Everything in the listing below has to be repeated exactly, except the pictures.

* **The data**
-------------------------

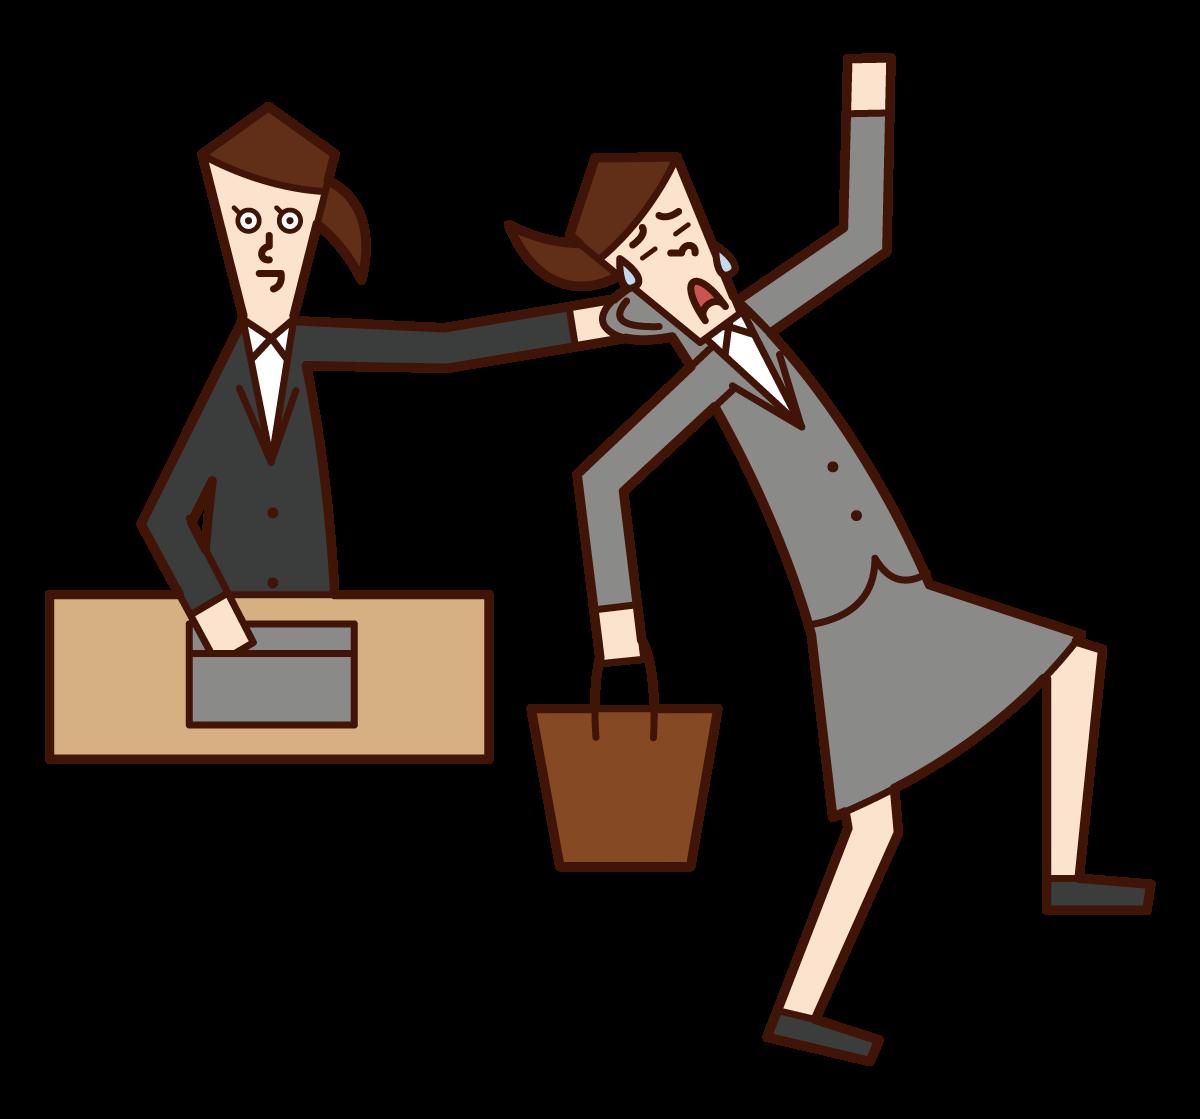 Illustration of a man grabbing a subordinate's neck
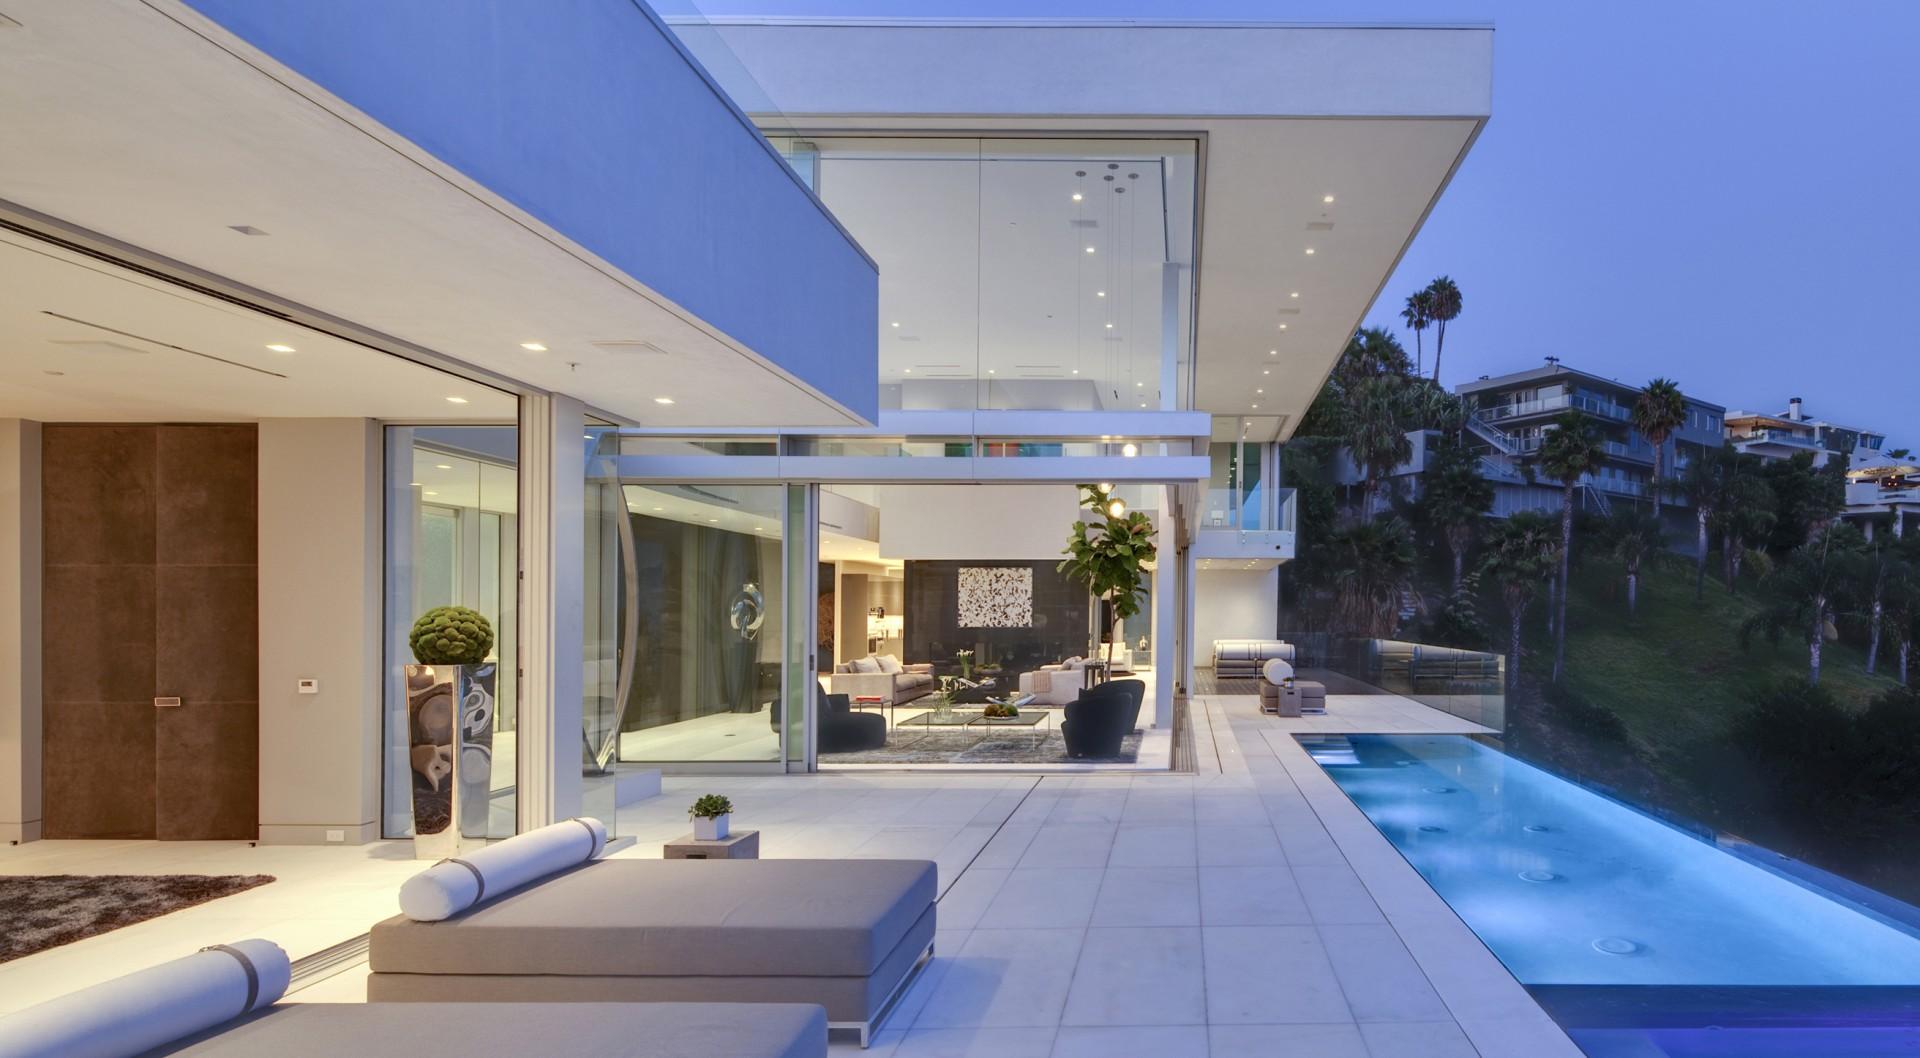 Pool, Terrace
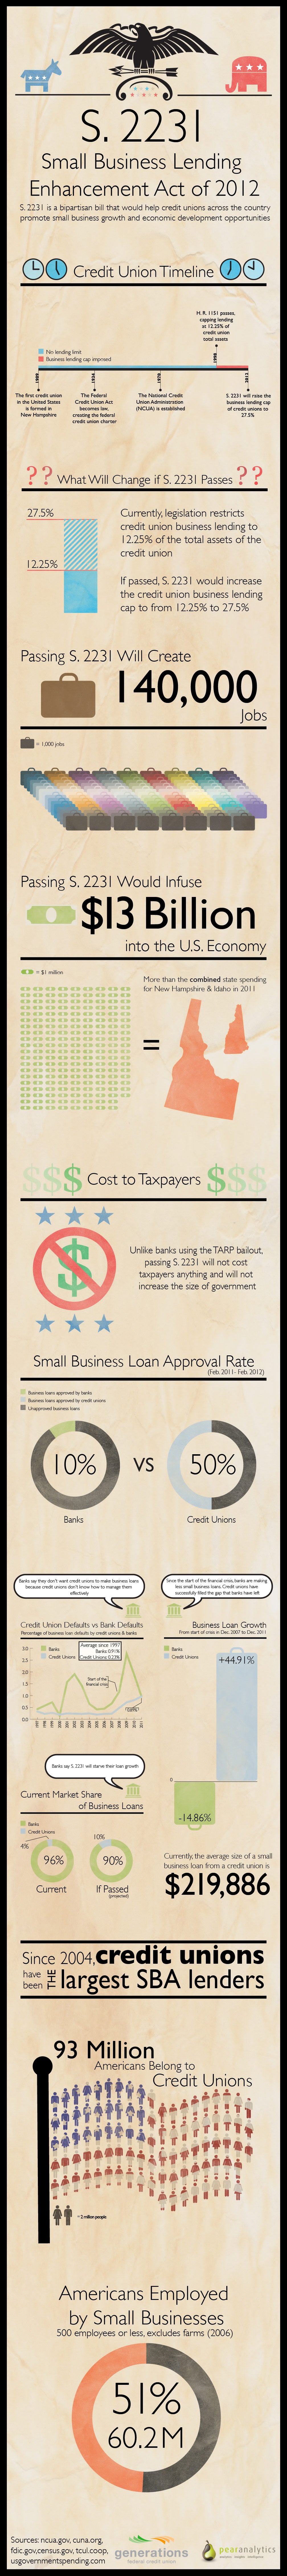 Enhancing Small Business Lending
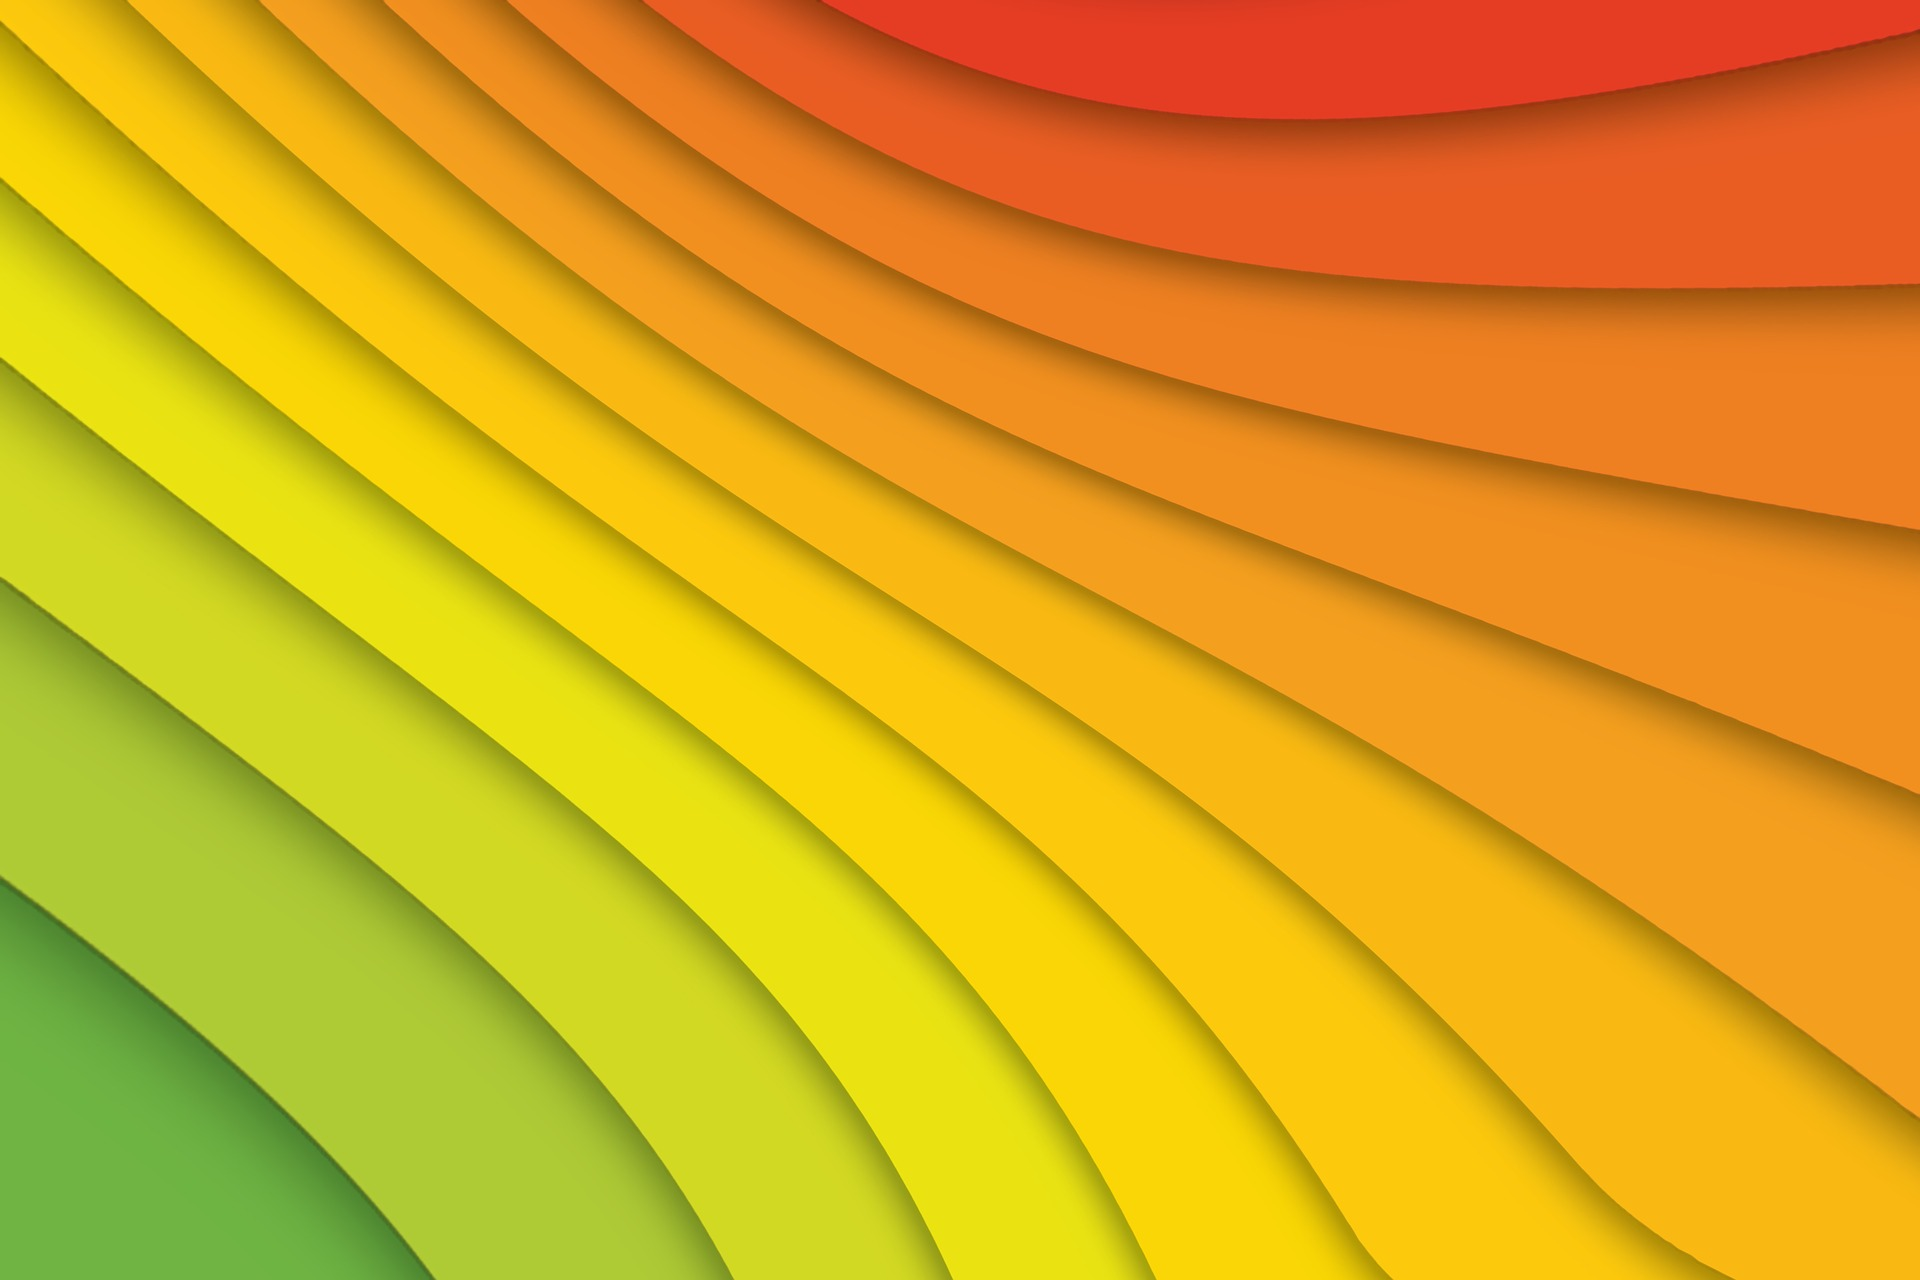 Muster, Linien, Farben, torsión, Ebenen - Wallpaper HD - Prof.-falken.com

-------------------------

* **Exercise answer**
 Illustration of a man grabbing a subordinate's neck
 Pool, Terrace
 Enhancing Small Business Lending
 Muster, Linien, Farben, torsión, Ebenen - Wallpaper HD - Prof.-falken.com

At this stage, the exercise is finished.